Der Grünen-Politiker Wieland hat den Auftrag, die Kontakte des weltweit gesuchten Managers Marsalek zu Geheimdiensten zu untersuchen. Staatliche Behörden helfen ihm kaum. Der Sonderermittler zeigt offen seinen Frust - mit bitterer Ironie.

Ende März platzte eine Twitter-Nachricht des russischen Außenministeriums in die Beratungen des Bundestagsausschusses, der den Wirecard-Skandal untersucht. Die Botschaft aus Moskau war eine Warnung: "Die Spekulationen über die angeblich engen Beziehungen des Geschäftsführers J. Marsalek zu den Sonderdiensten von Russland sorgen für Verwirrung. Wir warnen Deutschland davor, diese Geschichte zu politisieren."
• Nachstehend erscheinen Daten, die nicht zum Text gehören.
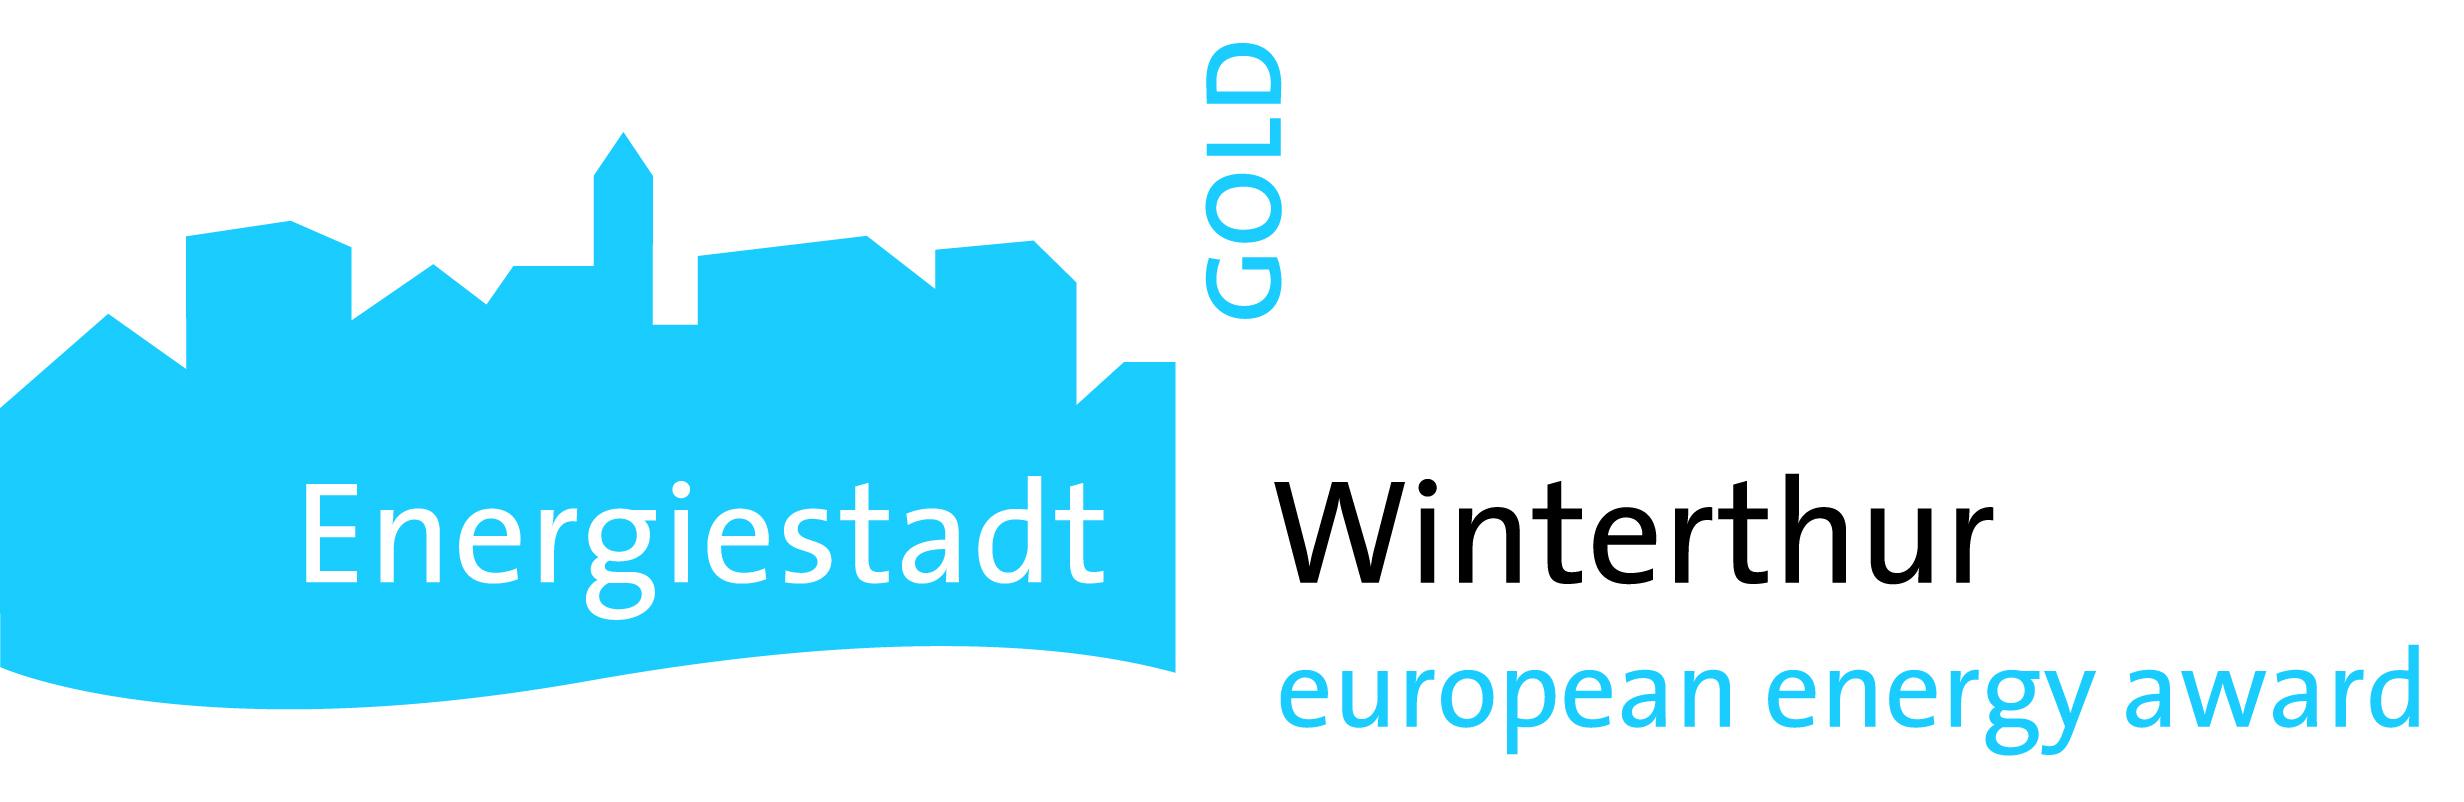 Energiestadt Winterthur Logo

Dass Russland den Warnschuss erst vor Kurzem abgab, war kaum Zufall. Mehr oder weniger glaubhafte Informationen, wonach Jan Marsalek Kontakte zu russischen Agenten und Sicherheitsbehörden gehabt haben soll, existieren seit vielen Monaten. Nicht umsonst wird vermutet, dass der ehemalige Wirecard-Vorstand, der weltweit gesucht wird, in Weißrussland abgetaucht sei. Die "Financial Times" berichtete schon vergangenen Sommer über ein "konspiratives Treffen" im Februar 2018 in Marsaleks Münchner Villa, die vis-a-vis zum russischen Generalkonsulat liegt. Zu der illustren Runde soll ein ehemals ranghoher Offizier des russischen Militärgeheimdienstes GRU gehört haben, also jener Truppe, die vom Westen für Giftanschläge und andere schwere Verbrechen mitverantwortlich gemacht wird.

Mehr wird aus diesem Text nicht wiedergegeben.